The system of inequality $\left\{\begin{array}{l}4x+y>6\\ 3x-y\le 12\end{array}\right.$

To find if the ordered pair $(2,-1)$ is a solution to the system of inequality.

Substitute $(2,-1)$ in the inequality,

        $4x+y>6$

$4\left(2\right)+(-1)>6$

           $8-1>6$

                $7>6$ is true.

Substitute $(2,-1)$ in the inequality,

         $3x-y\le 12$

$3\left(2\right)-(-1)\le 12$

           $6+1\le 12$

                 $7\le 12$ is true.

The ordered pair $(2,-1)$ made both the inequality true.

So the ordered pair $(2,-1)$ is the solution to the syetm of inequality.

The system of inequality $\left\{\begin{array}{l}4x+y>6\\ 3x-y\le 12\end{array}\right.$

To find if the ordered pair $(3,-2)$ is the solution to the system of inequality.

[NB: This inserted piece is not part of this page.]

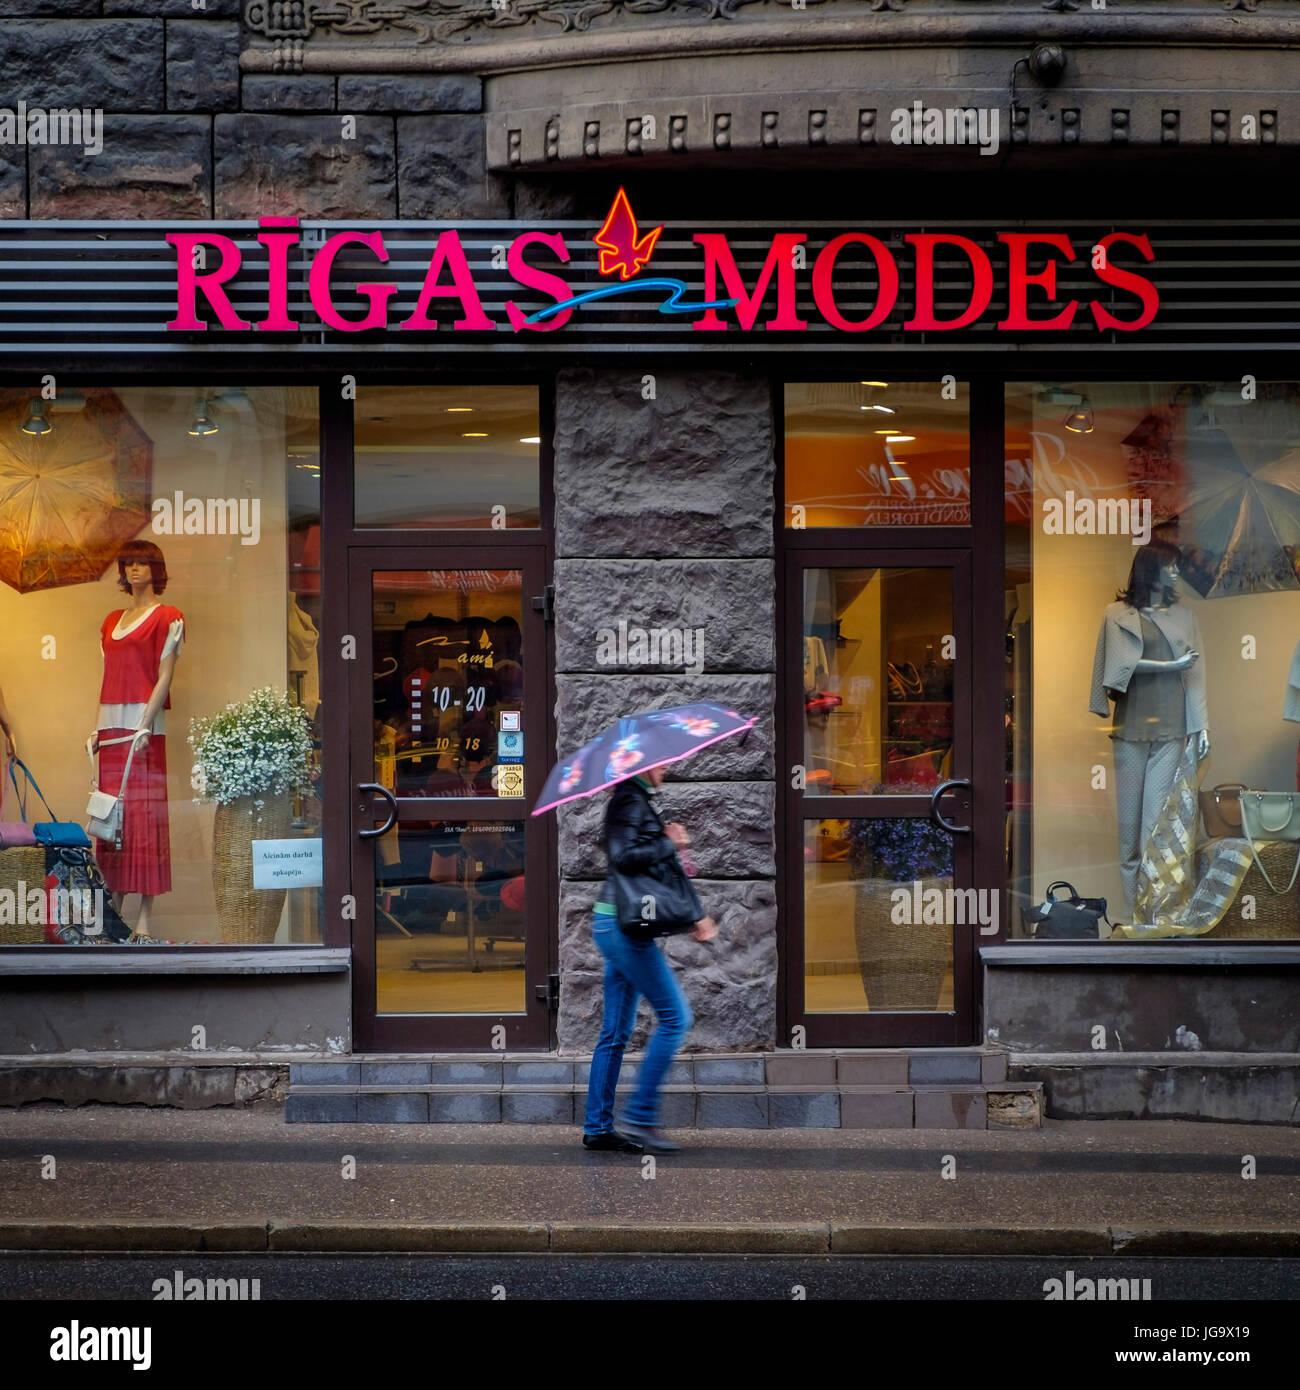 RIGA, LATVIA - CIRCA MAY 2014: Typical storefront in Marijas iela street in the center of Riga. - Stock Image

Substitute $(3,-2)$ in the first inequality,

$4\left(3\right)+(-2)>6$

        $12-2>6$

              $10>6$ is true.

Substitute $(3,-2)$ in the inequality,

        $3x-y\le 12$

$3\left(3\right)-(-2)\le 12$

           $9+2\le 12$

              $11\le 12$ is true.

An ordered pair $(3,-2)$ made both the inequality true.

So the ordered pair $(3,-2)$ is a solution to the system of inequality.